───── INFORMATION SUPPLIED

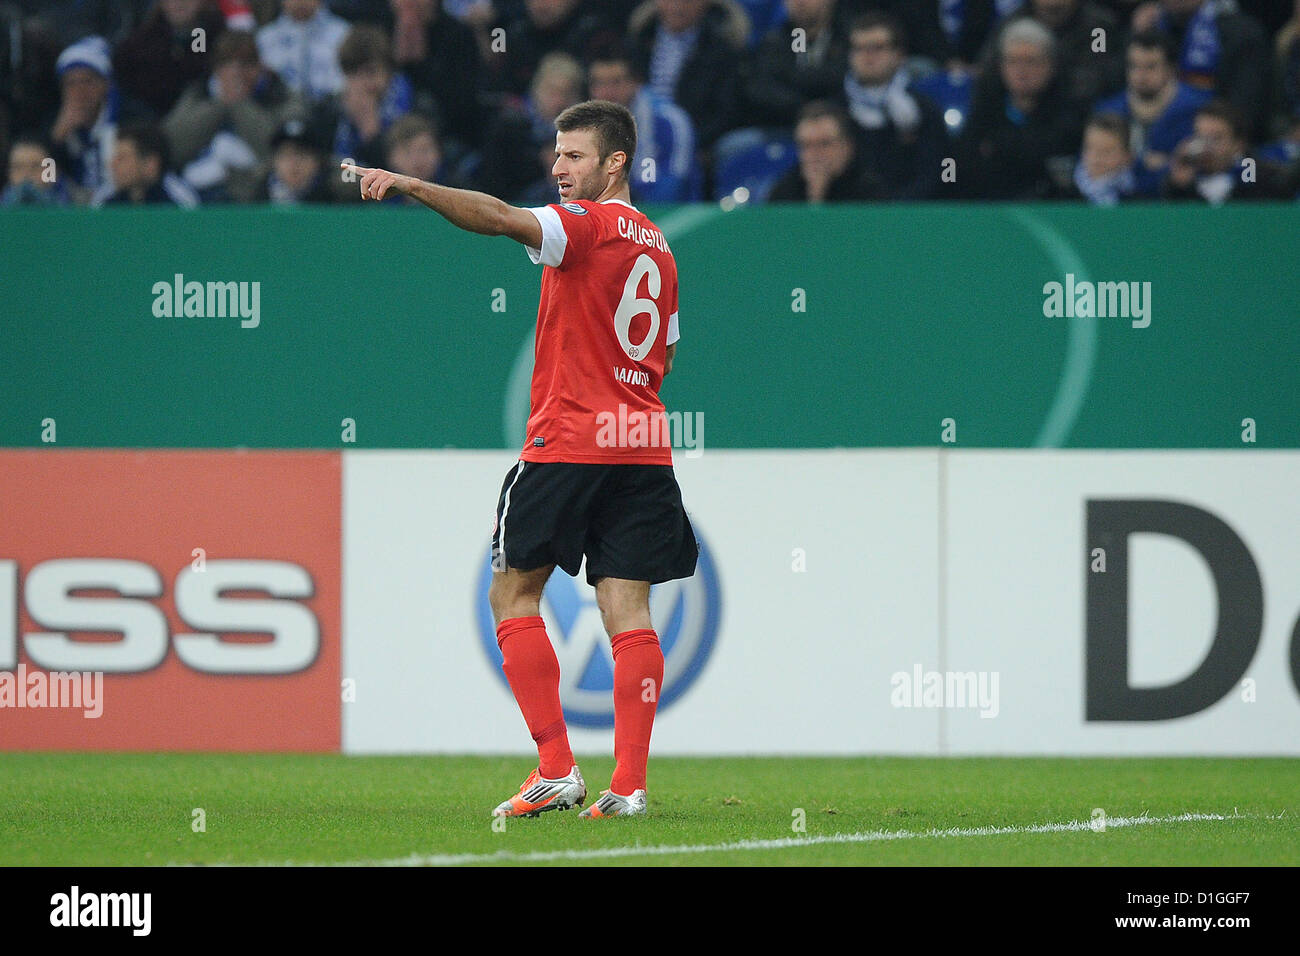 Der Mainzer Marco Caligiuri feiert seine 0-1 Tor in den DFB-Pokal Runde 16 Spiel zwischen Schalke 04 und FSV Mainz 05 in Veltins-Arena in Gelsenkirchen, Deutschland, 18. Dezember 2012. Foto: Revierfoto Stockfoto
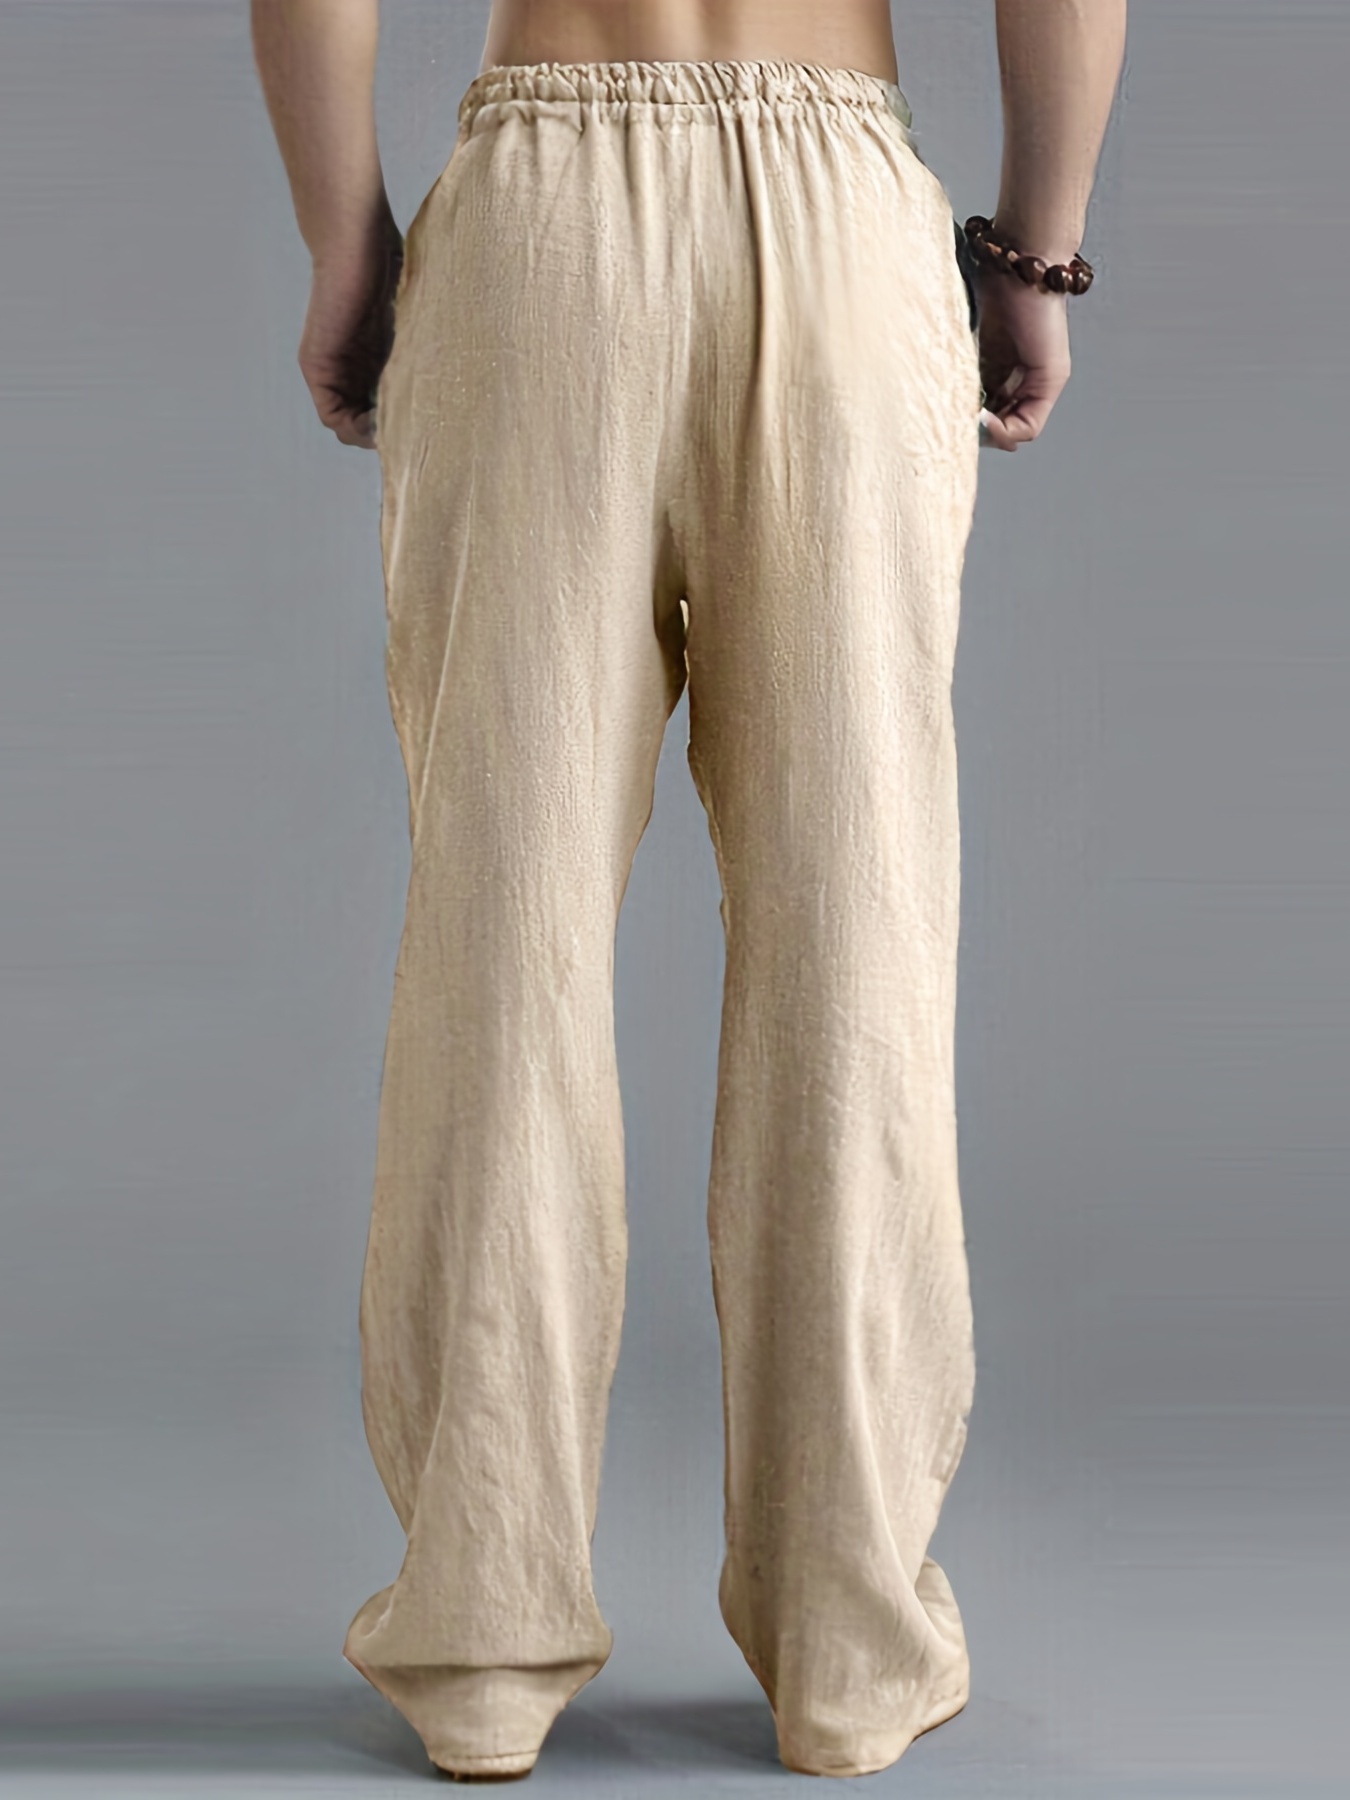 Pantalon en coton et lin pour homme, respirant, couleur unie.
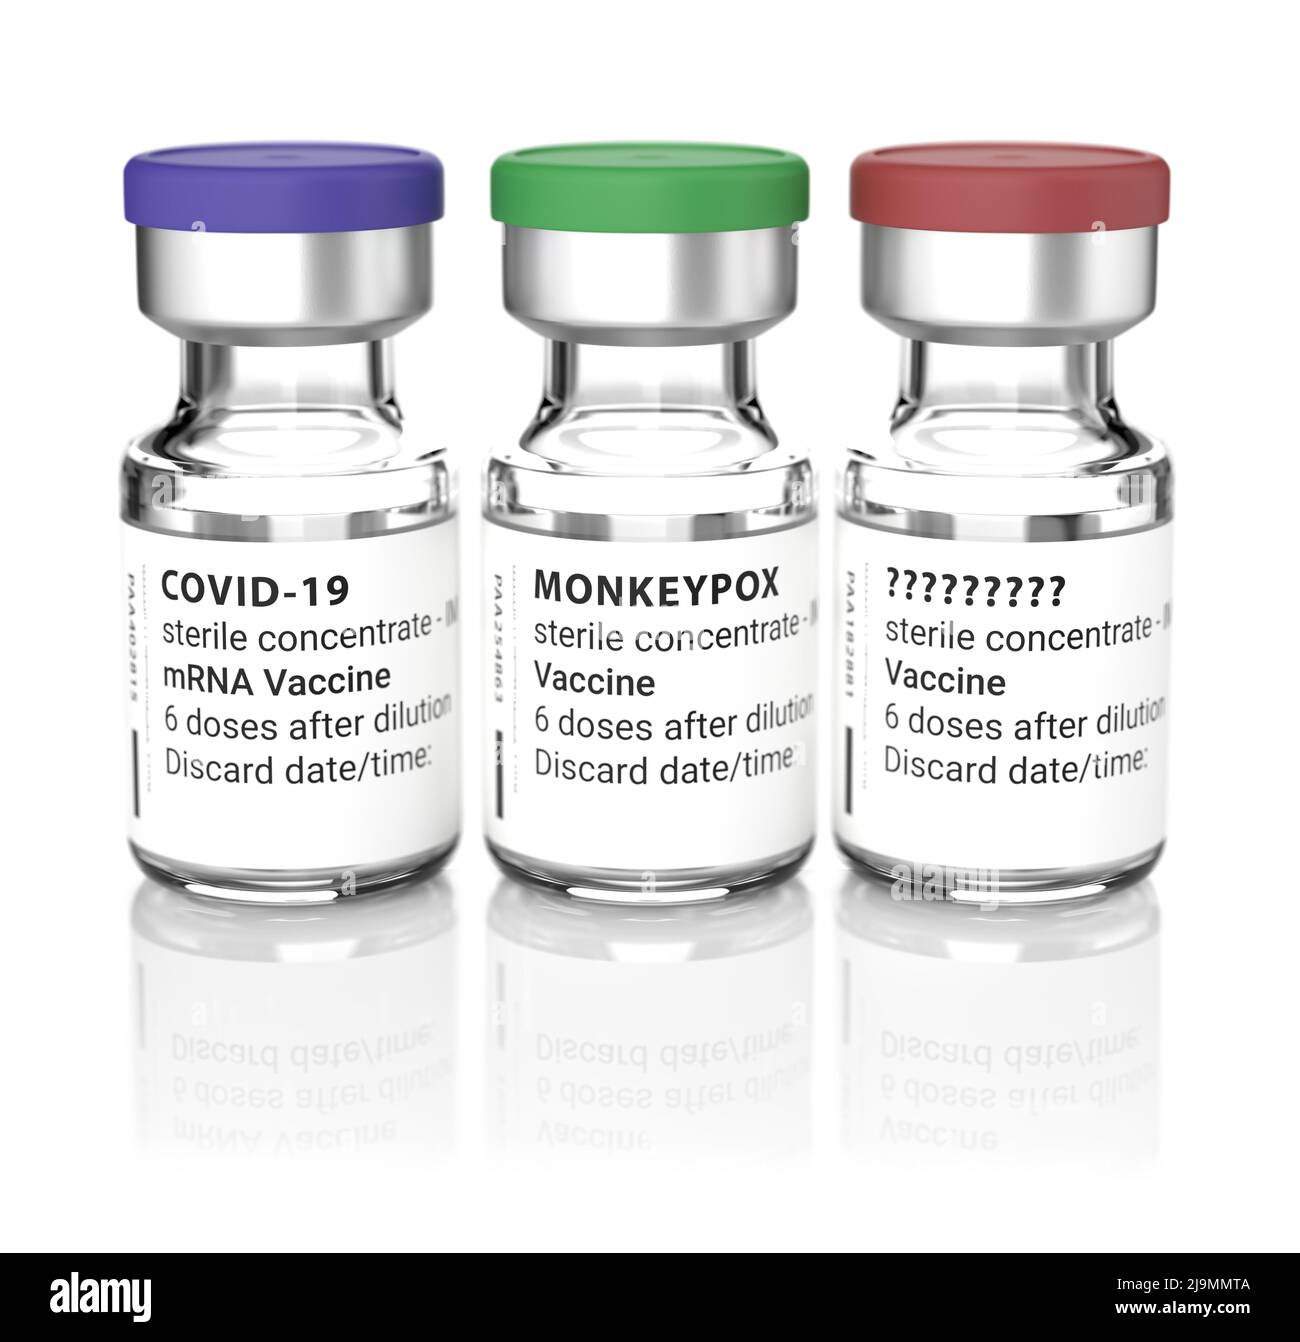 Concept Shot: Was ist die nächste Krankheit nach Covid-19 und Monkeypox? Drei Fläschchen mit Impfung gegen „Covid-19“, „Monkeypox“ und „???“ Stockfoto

──────────

» AIM OF THE TASK:
The pictures stay out; copy the rest of the data word for word.

» TASK OUTPUT:
 Der Mainzer Marco Caligiuri feiert seine 0-1 Tor in den DFB-Pokal Runde 16 Spiel zwischen Schalke 04 und FSV Mainz 05 in Veltins-Arena in Gelsenkirchen, Deutschland, 18. Dezember 2012. Foto: Revierfoto Stockfoto
 Pantalon en coton et lin pour homme, respirant, couleur unie.
 Concept Shot: Was ist die nächste Krankheit nach Covid-19 und Monkeypox? Drei Fläschchen mit Impfung gegen „Covid-19“, „Monkeypox“ und „???“ Stockfoto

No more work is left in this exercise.